** DATA SECTION follows **
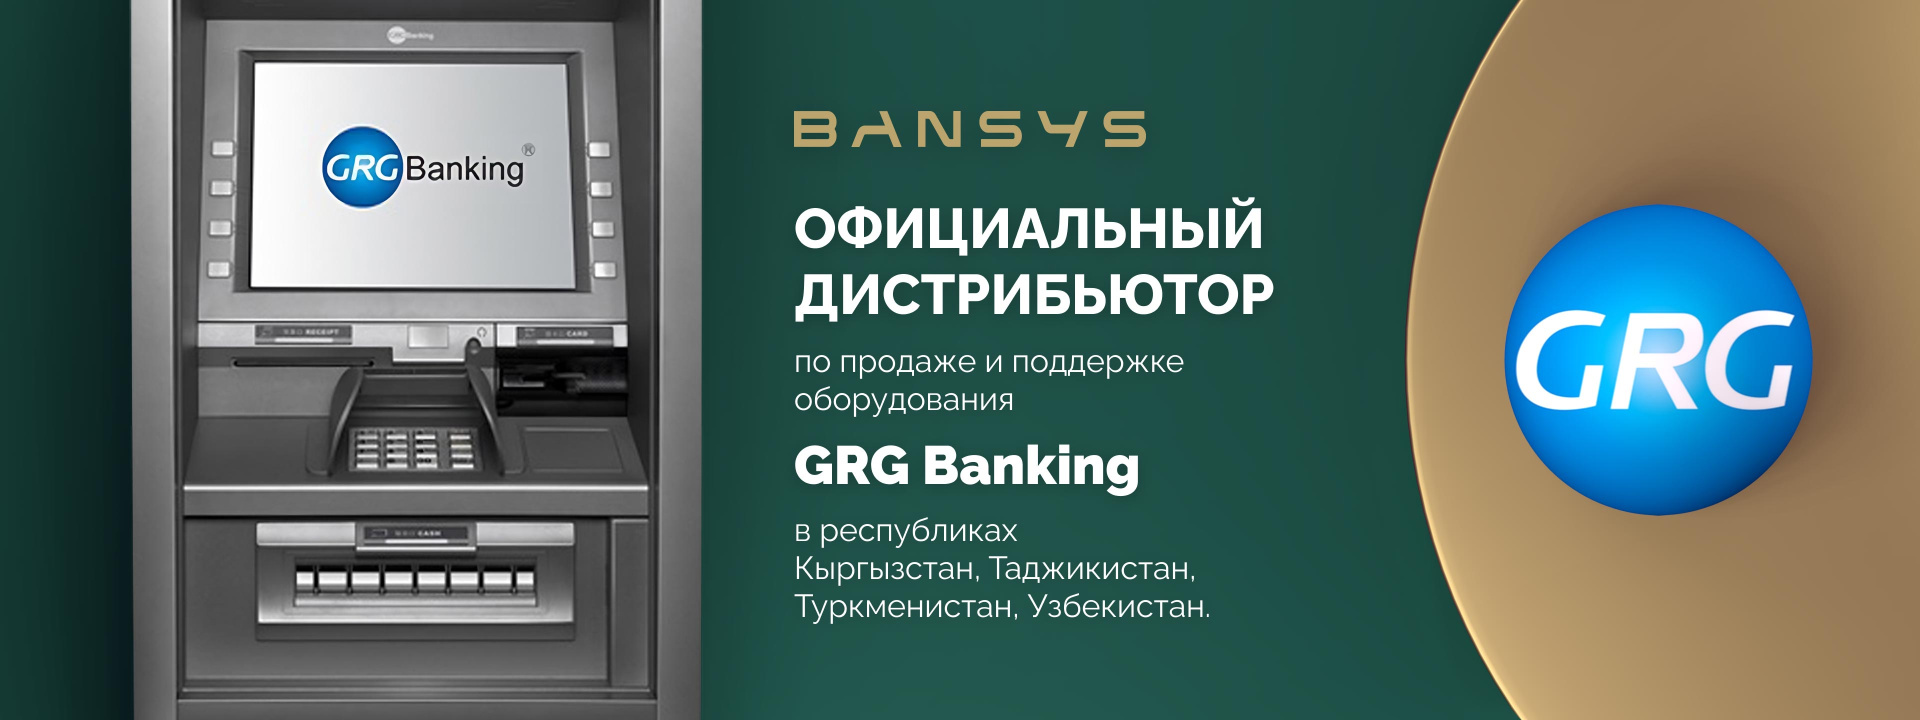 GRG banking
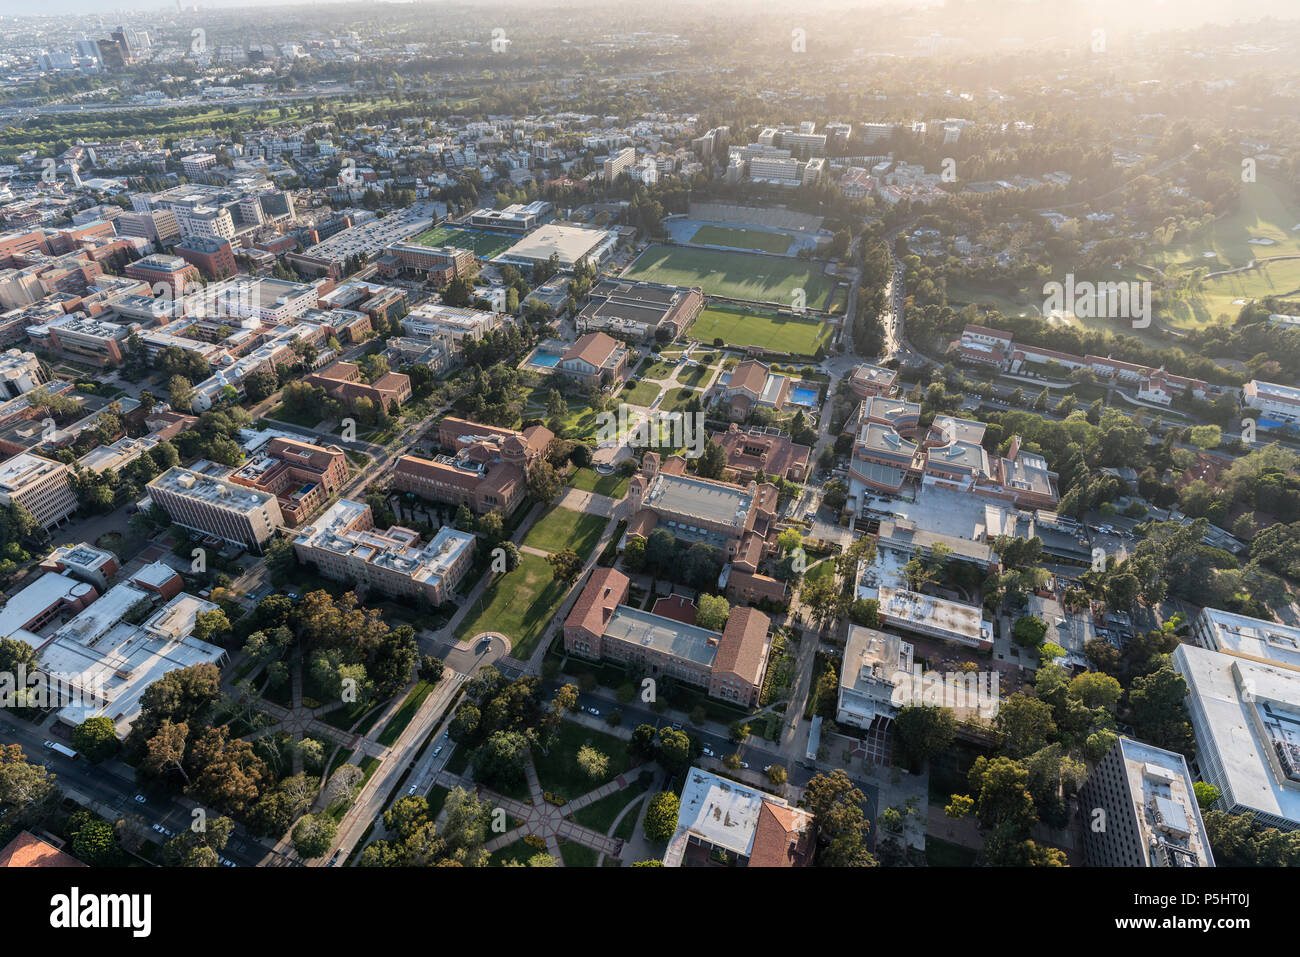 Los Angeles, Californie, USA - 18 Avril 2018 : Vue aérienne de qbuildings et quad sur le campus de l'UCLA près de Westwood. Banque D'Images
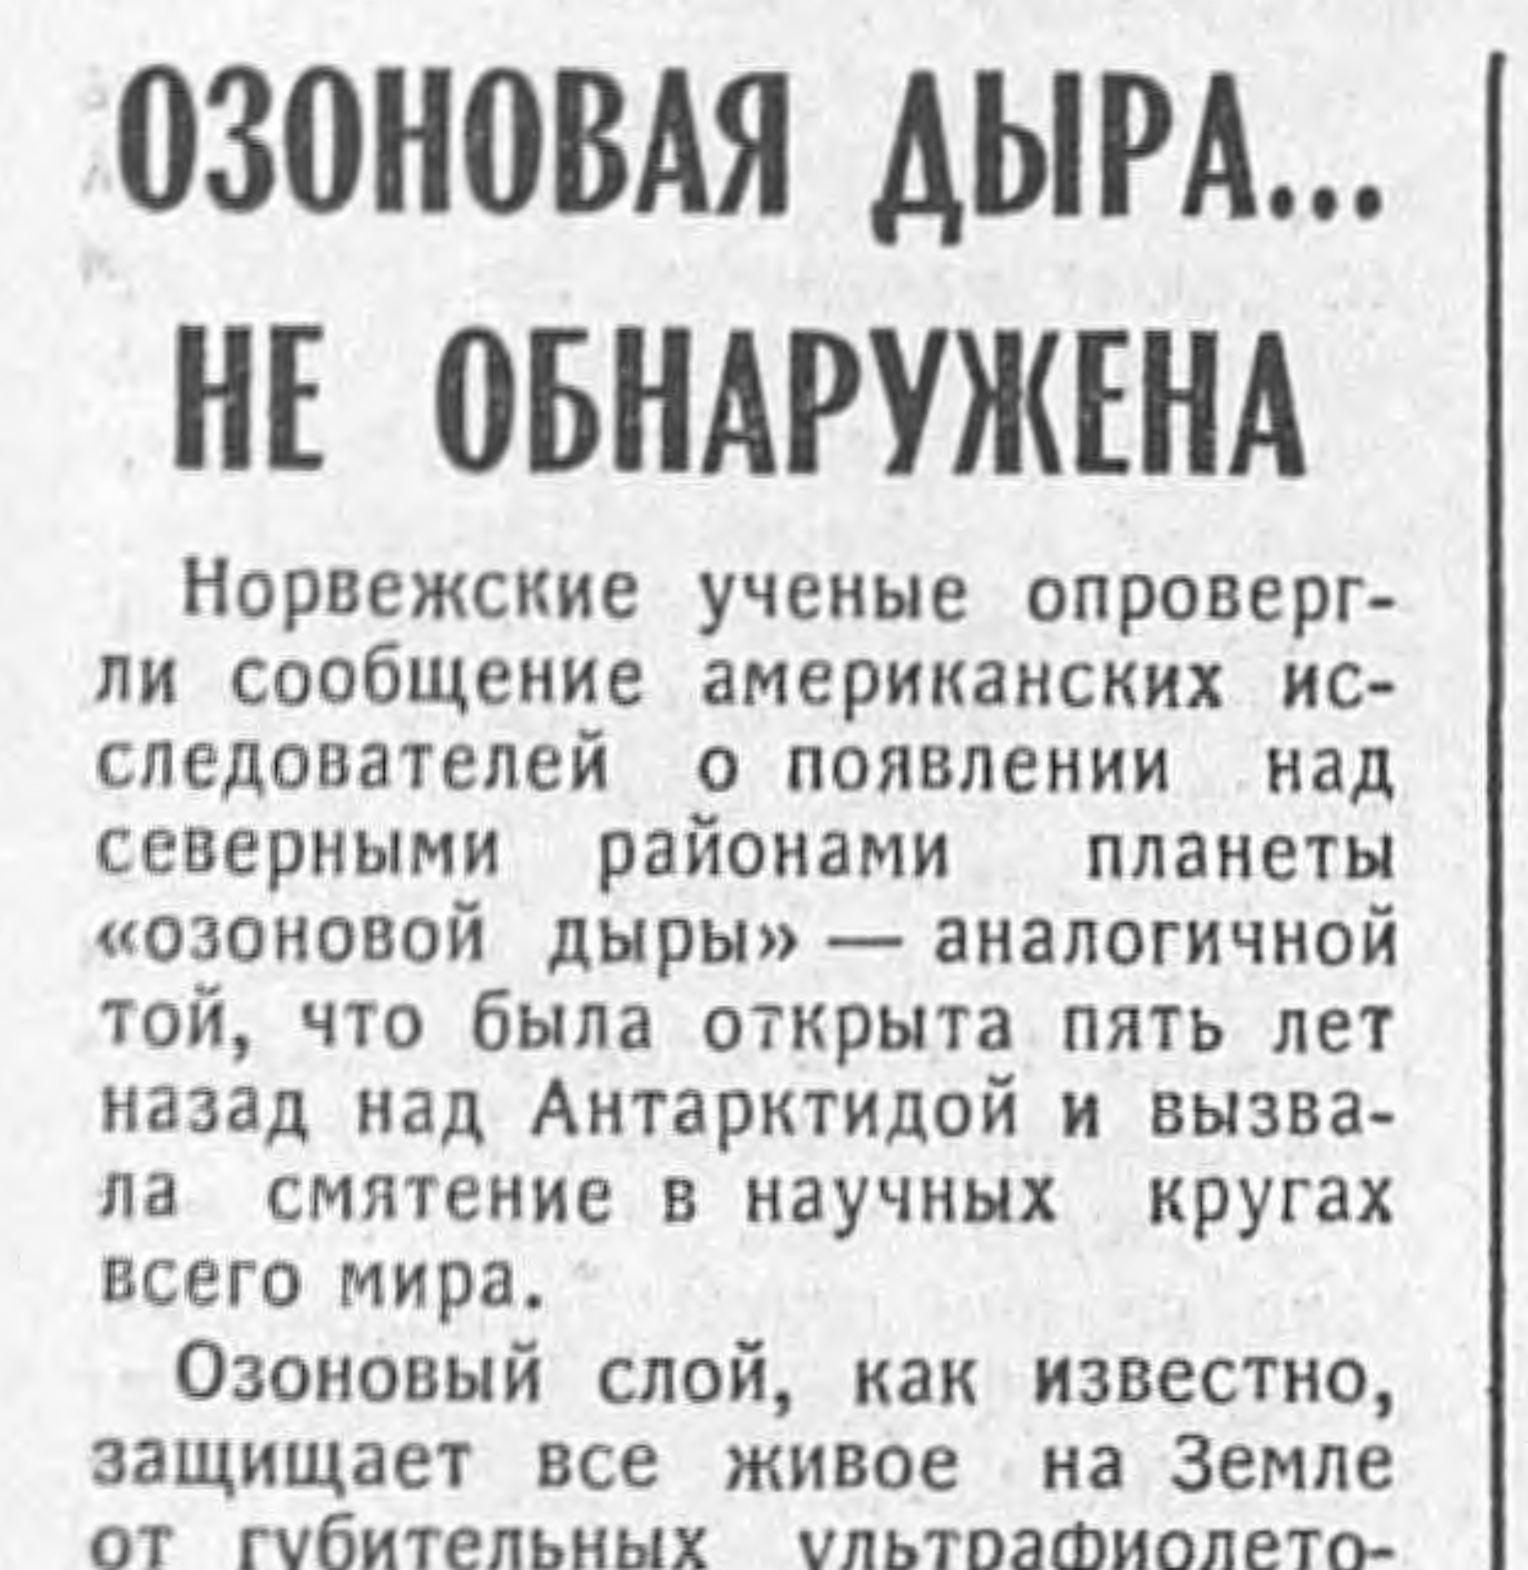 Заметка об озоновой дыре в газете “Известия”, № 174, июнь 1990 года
** End of DATA SECTION **
▶ _PROBLEM TO SOLVE_
Output the full material exactly as given, without its pictures.

▶ _TASK OUTPUT_
 GRG banking
 Los Angeles, Californie, USA - 18 Avril 2018 : Vue aérienne de qbuildings et quad sur le campus de l'UCLA près de Westwood. Banque D'Images
 Заметка об озоновой дыре в газете “Известия”, № 174, июнь 1990 года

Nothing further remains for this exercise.